GOAL OF THE EXERCISE
Your answer must hold only the lines below from the line containing "beach scenes from" through the line containing "Genuine 0.9 TCW", each reproduced exactly.

PROVIDED DATA
»»

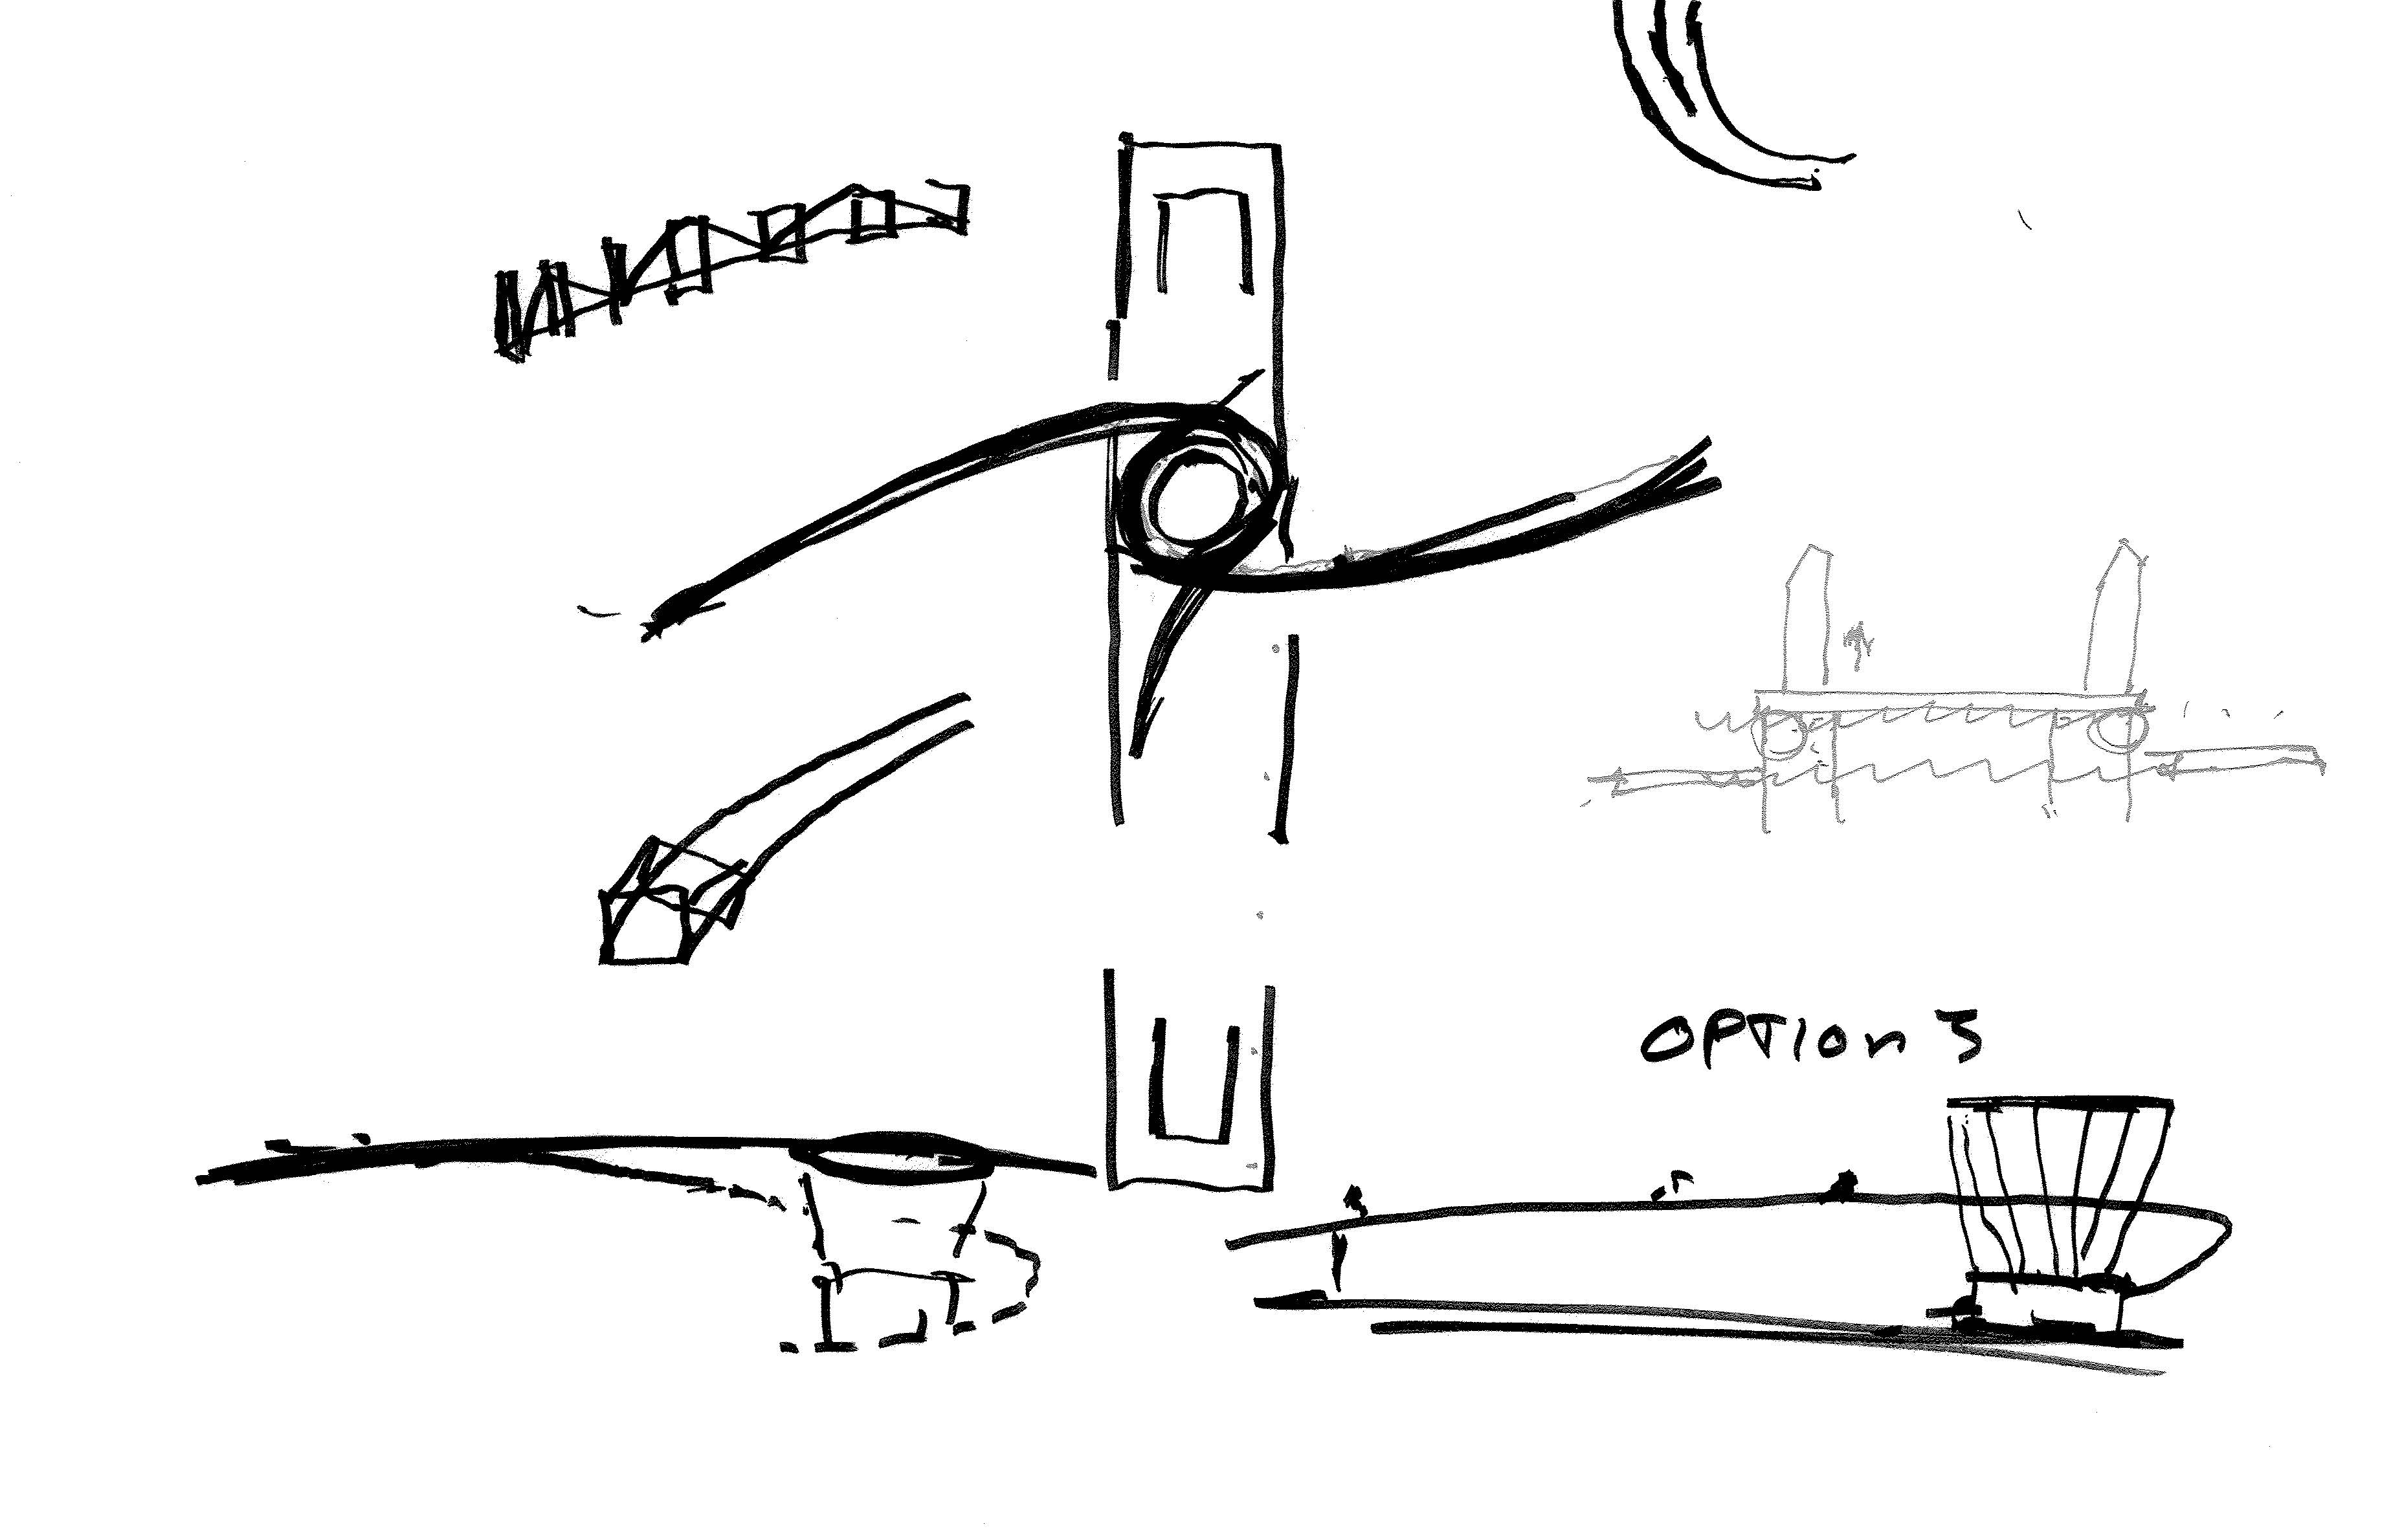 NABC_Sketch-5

««
»»

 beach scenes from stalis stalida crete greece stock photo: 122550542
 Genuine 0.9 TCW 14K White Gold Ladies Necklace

««

OUTPUT OF THE EXERCISE
 beach scenes from stalis stalida crete greece stock photo: 122550542
 Genuine 0.9 TCW 14K White Gold Ladies Necklace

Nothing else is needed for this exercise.